Apesar da seca que golpeia essa região, Mpofu
colheu cerca de 150 quilos de feijões secos este ano. É muito menos do que
obtém em uma boa temporada, mas as ervilhas e os feijões secos permitem que os
agricultores como ela enfrentem a insegurança alimentar e nutricional.A ervilha
e o feijão são leguminosas fundamentais, que propiciam vários benefícios, pois
são ricos em proteínas, resistentes à seca e constituem uma fonte de renda e de
combustível.
As leguminosas são um alimento perfeito para a
África, onde há muita gente malnutrida e com deficiência de nutrientes,
especialmente menores de cinco anos. O Programa Mundial de Alimentos (PMA) diz
que a África é o continente com maior proporção de pessoas famintas no mundo,
com uma em cada quatro com malnutrição e mais de uma em cada três crianças com
atraso no crescimento.
A Organização das Nações Unidas para a Alimentação
e a Agricultura (FAO) define leguminosas como sementes secas comestíveis, com
baixo teor de gorduras, como grão-de-bico, feijões,lentilha, fava e muitas
outras. As que são usadas como verdura, como a vagem, ou das que se extrai
óleo, como soja e amendoim, não são classificadas como leguminosas.
“As leguminosas são essenciais para a segurança
alimentar e nutricional na África, considerando a crise climática que vive o
continente”, destacou Mpofu à IPS. “Posso preparar vários alimentos para minha
família e também são importantes para melhorar o estado do solo, especialmente
para promover um sistema de cultivo agroecológico”, acrescentou.
Mpofu integra o Comitê de Coordenação Internacional
da Via Camponesa, organização internacional com milhões de agricultores
membros. Além disso, está entre os seis embaixadores especiais designados pela
FAO na África, para conscientizar sobre os benefícios das leguminosas para a
segurança alimentar, a mudança climática, a saúde humana e o bom estado do
solo.
“Sem leguminosas, uma mulher não pode se considerar
mãe, porque não pode completar um prato para sua família. É importante criar
consciência sobre sua importância para que as mulheres pressionem pela criação
de políticas que promovam a agroecologia e a soberania alimentar”, opinou
Mpofu. “Os princípios de manter e produzir sementes autóctones são nossa forma
de defender a soberania alimentar, promovendo nossas sementes e nossos métodos
de cultivo agroecológico”, apontou.
Posto de venda de leguminosas em um mercado de
Bulawayo, no Zimbábue. Esse cultivo de bom rendimento favorece a segurança
nutricional e econômica dos agricultores africanos. Foto: Busani Bafana/IPS.

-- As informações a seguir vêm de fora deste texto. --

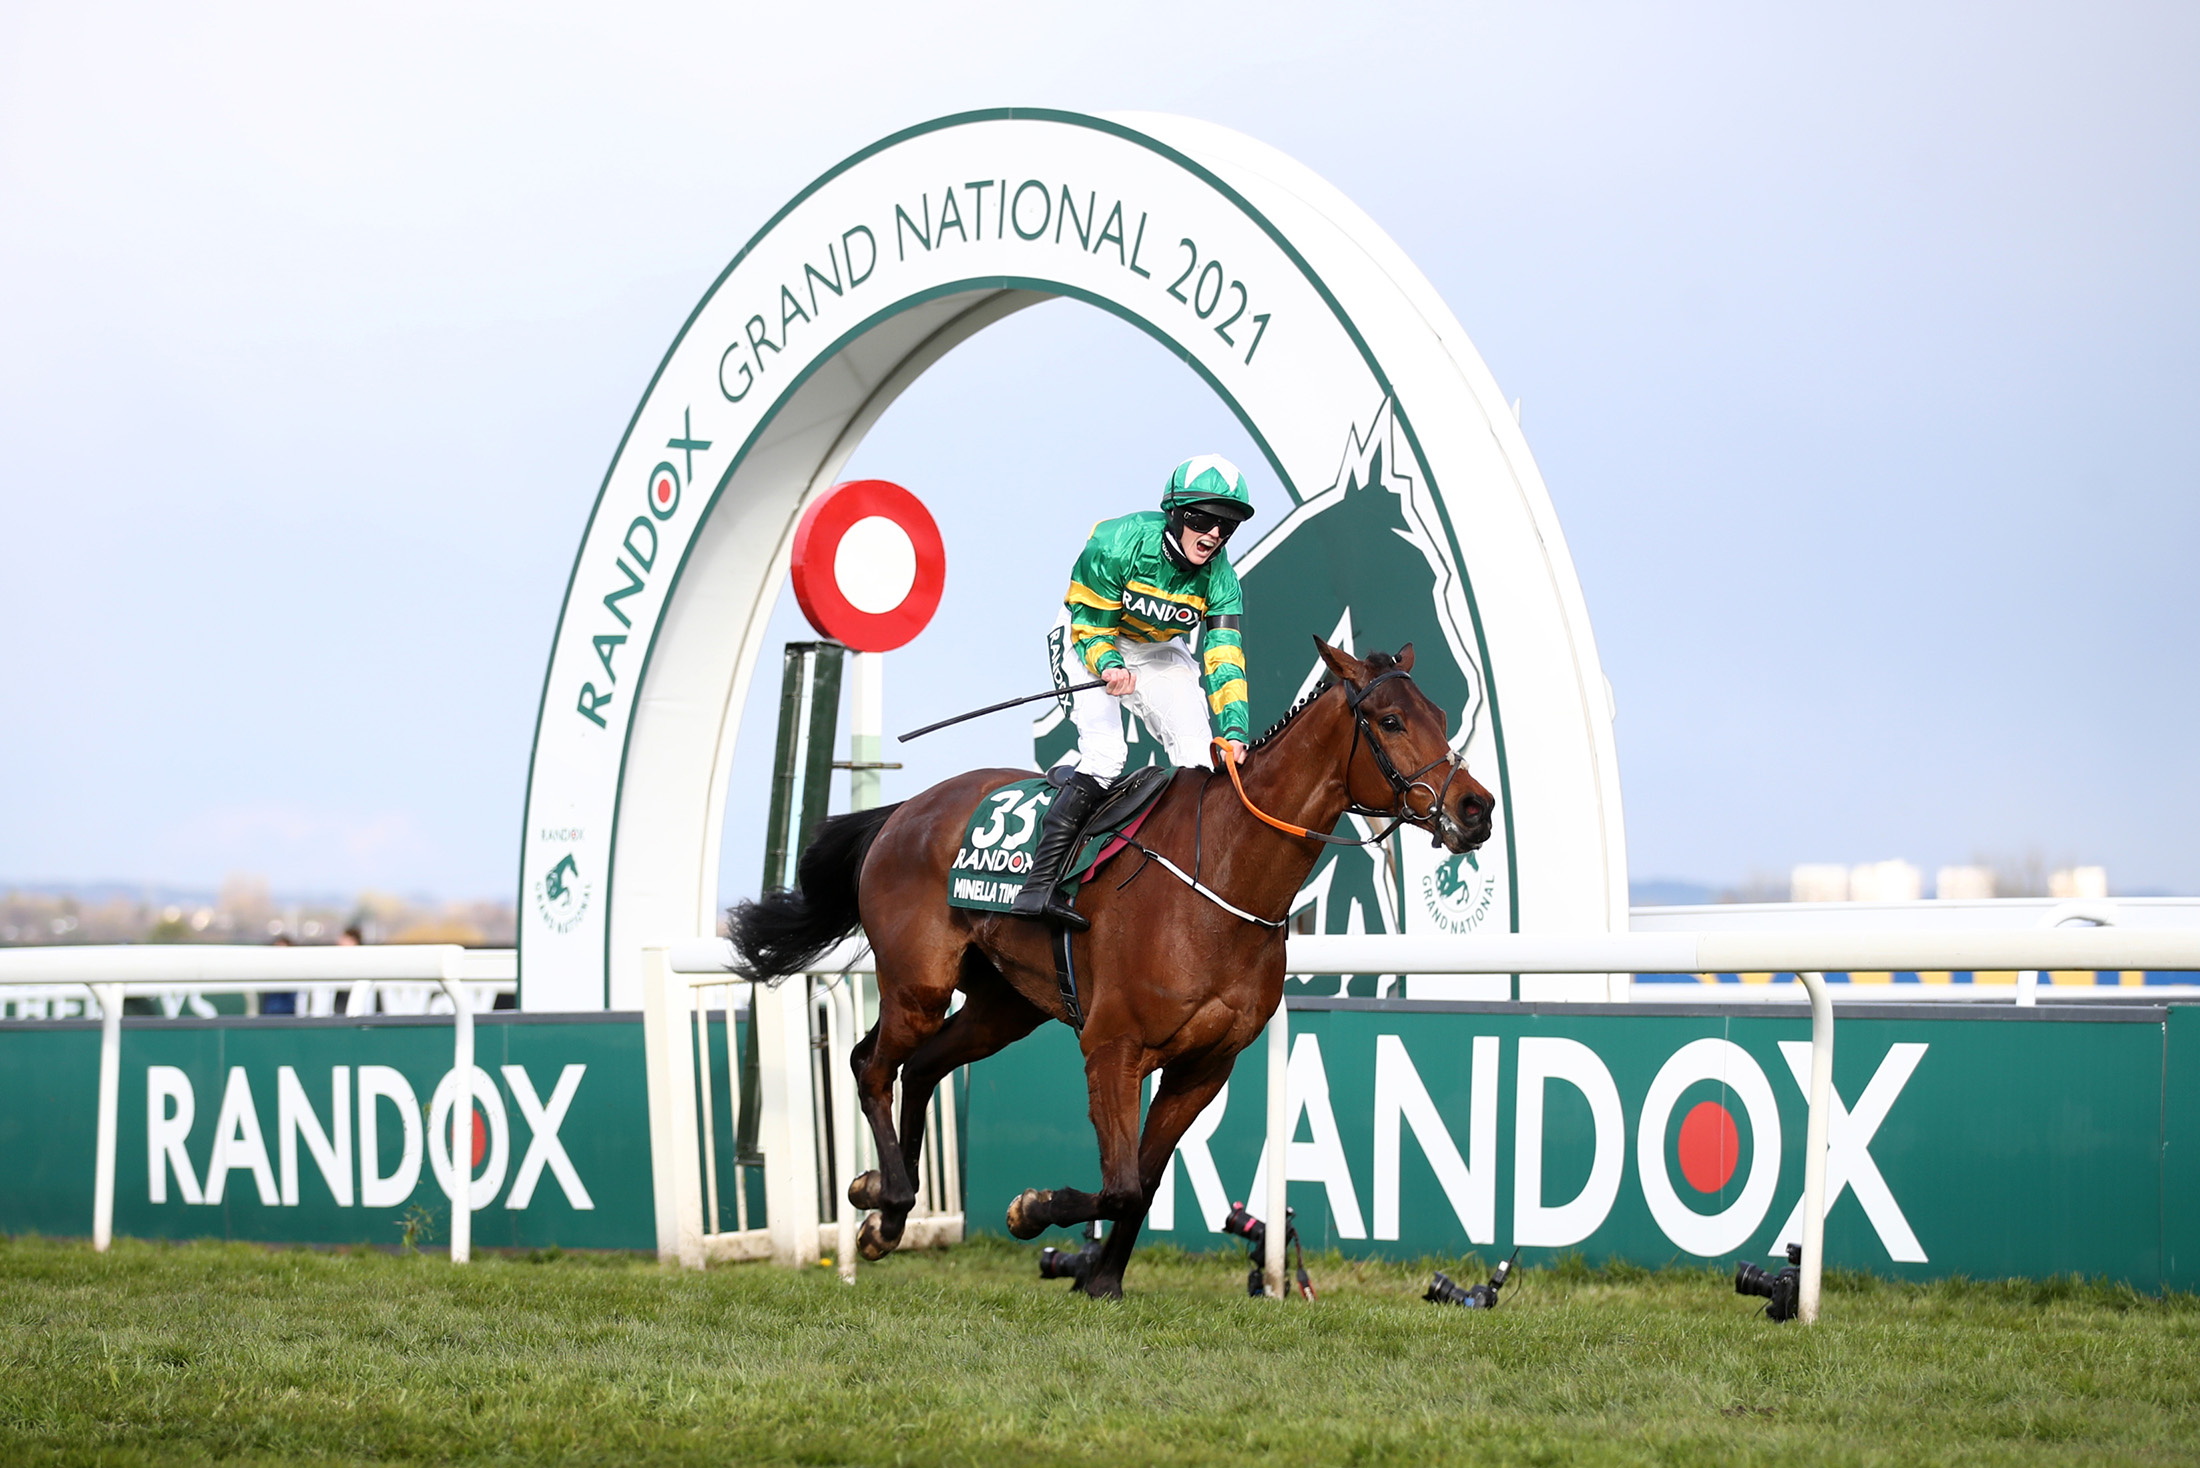 Minella Times ridden by Rachael Blackmore wins the Randox Grand National Handicap Chase on Grand National Day in Liverpool, England on April 10.

Além disso, “as leguminosas servem para promover o
cultivo e o consumo de leguminosas na África, onde temos insegurança
alimentar”, ressaltou Mpofu. Como forma de destacar a importância das
leguminosas para a segurança alimentar e nutricional, bem como para a
sustentabilidade ambiental, a 68ª sessão da Assembleia Geral da Organização das
Nações Unidas (ONU), em 2013, declarou que 2016 seria o Ano Internacional das
Leguminosas (IYOP).
O diretor-geral da FAO, José Graziano da Silva,
pontuou, no lançamento do IYOP em 2015, que as leguminosas são importantes para
a segurança alimentar de milhões de pessoas na América Latina, África e Ásia, onde
fazem parte da dieta tradicional e costumam ser cultivadas por pequenos
agricultores.
No Malaui, Janet Mingo não passa fome, mesmo quando
tem uma colheita ruim de milho, o que ocorre com frequência devido à seca,
porque intercala esse cultivo com o de feijão-guandu (Cajanuscajan),
rico em proteínas, em seu terreno de quatro hectares na aldeia de Chikalogwe,
no distrito de Balaka, uma das regiões mais áridas do país.O guandu ajuda a
fixar o nitrogêniono solo e também é uma fonte de renda:ela colhe a cada
temporada cerca de 1.500 quilos e, graças ao que consegue com sua venda, pode
comprar milho e cobrir outras necessidades do lar.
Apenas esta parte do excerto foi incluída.